Page 102 of The Heat of Us

“He was in a coma after that.”

“Fuck,” Aleks said under his breath.

Not dead, like they probably expected.

“We had only bonded a year earlier. One summer together, that’s all we had. Shame because he loved summer,” I said, wistfully. “I went on heat suppressants and visited him every day. Dropped out of uni and lived as a ghost. I didn’t want a life if it wasn’t with him. I spent more time sitting by his bed our entire relationship than doing anything fun in it.”

I let out a half-hearted chuckle. No one joined me.

“His parents didn’t give up. They moved here because they were able to get him into a private facility. All they told me was that they offered groundbreaking treatments you couldn’t get anywhere else in the country. But they needed my help to do it. Our parents were best friends. Did I mention that? My parents were pushing me to say yes too. So I did.”

Ben opened his mouth as if he wanted to question me — what facility? What treatments? But held himself back and let me continue.

“They put Adrian and I through so many tests, trying stuff with me using the bond. I always felt so guilty when it didn’t work. They asked me so often if I felt anything from his end that I almost imagined it to be real sometimes, just from the sheer exhaustion of wanting it to be true. But I couldn’t lie. Couldn’t give them false hope.”

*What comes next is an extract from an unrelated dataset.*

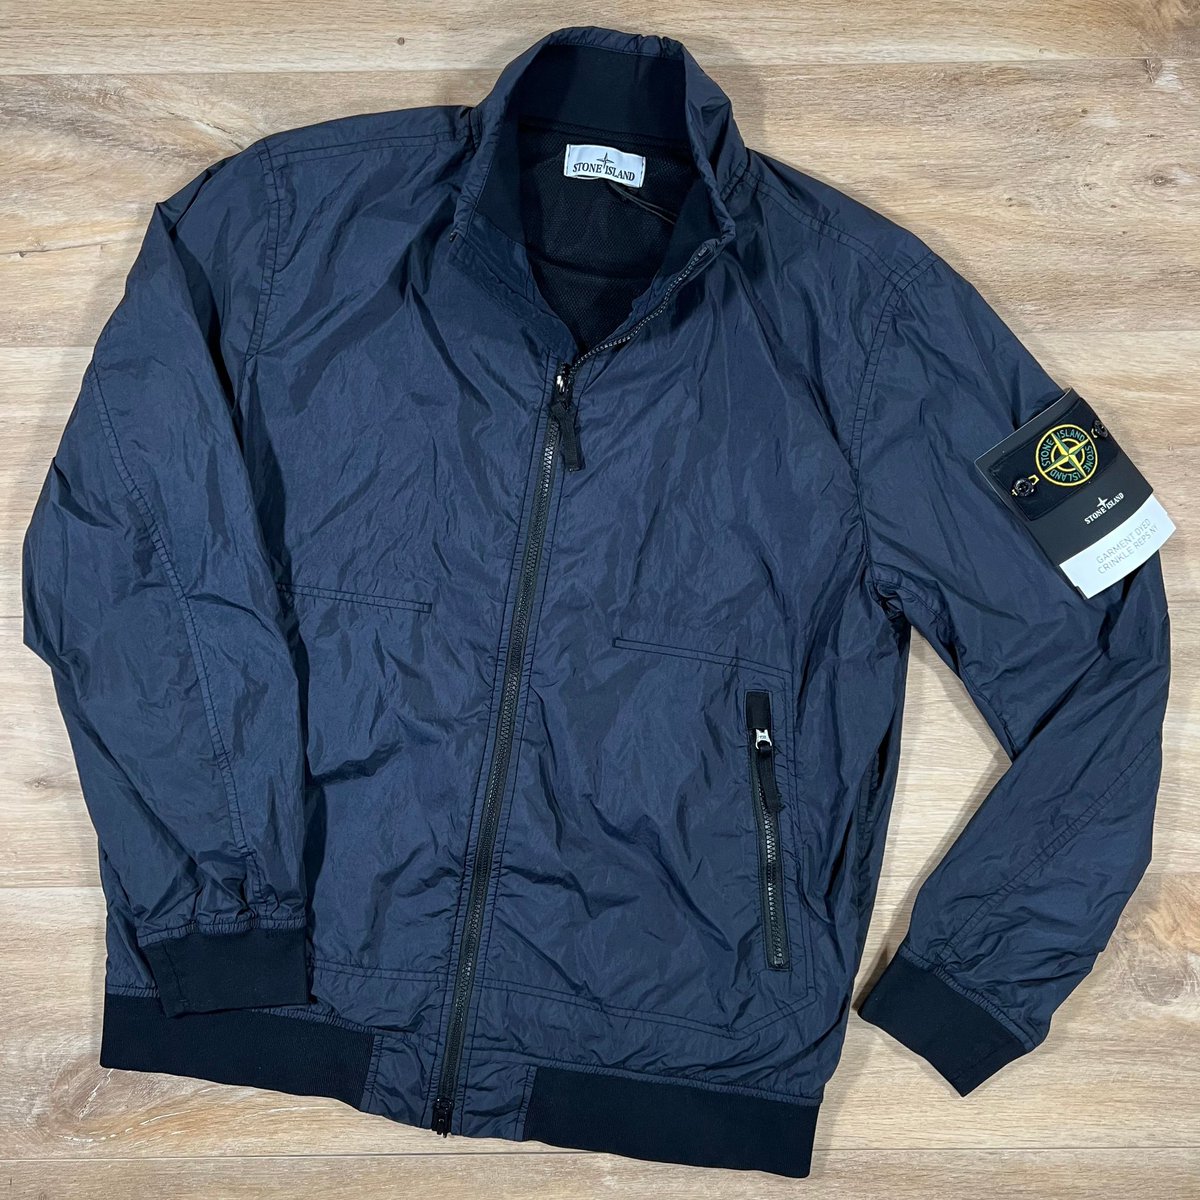 If Che Adams scores first vs Cyprus tonight, we’ll giveaway a Stone Island crinkle reps jacket in a size of your choice worth £600! 💙 Retweet & follow @LabelMenswear to enter

“How long did this go on for?” Ben asked, trying to keep his voice controlled. “From his accident to these treatments?”

“About two years. Maybe three? Honestly, that time in my life is a blur.”

His fingers almost crushed mine before he forced himself to relax.

“Then I started to get health issues. The worst cramps. Horrible mood swings. Weight fluctuations. Adrian’s parents started making comments.”

“What sort of comments?” Remy asked dangerously.

I swallowed past the lump in my throat. “About my heat. Innocuous at first, seemingly expressing concern that I hadn’t had one in so long. Then they began suggesting that having me go into heat would wake him up.”

Ben was shaking with barely contained rage. I knew he knew what was coming but I still had to say it.

“I had a breakthrough heat three weeks later,” I said, feeling strangely unemotional. Like I was recounting events that happened to someone else. “They can be worse, you know, the first heat when you come off suppressants. Especially when you’re bonded. And I had been on suppressants for a long time.”

I could feel the rising anger in the room despite their best efforts to control it. I forced myself to push on.

“Adrian’s parents locked me in the room with him and paid the facility staff to look the other way.”

“How long?”

I looked up at Aleks for the first time, finding nothing but desolation. “How long did they leave you there for?”

I shut my eyes, trying not to relive the moment in my head. “Twelve hours. It probably would’ve been longer but there was a shift change and one of the relief staff hadn’t been paid off. The whole time I was just…needing him and wanting him and he was just, he was just—”

The pain of it all slid past my ribs like a knife and I welcomed it, wishing it came with the oblivion I craved.

So many of my nightmares stemmed from that day. Begging for Adrian who lay there motionless and cold, unable to tend to me.

Unseeing, unhearing, unfeeling.

“They sedated me for the rest of my heat. The omega specialist said I had been taking placebo suppressants for about a week. My mum had been the one to swap them out from my bedside table. I didn’t even notice.”

Even saying the words now years later made me feel stupid.

“She said it was for my own good. That she was trying to help me because…” I chuckled dryly. “I’d gone and lost my virginity to him so he had to get better so we could get married.” I looked at their disbelieving expressions. “My parents are, er, kinda super religious.” I glossed over quickly.

“Anyway, it fucked my body up, not having my heat tended after suppressing it so long while bonded. Suppressants weren’t an option for me anymore. And if it happened again it would have long term effects on my health.”

I remembered the way the doctor rifled off the potential side effects like a grocery list.

Infertility. Early menopause. A reduced life expectancy.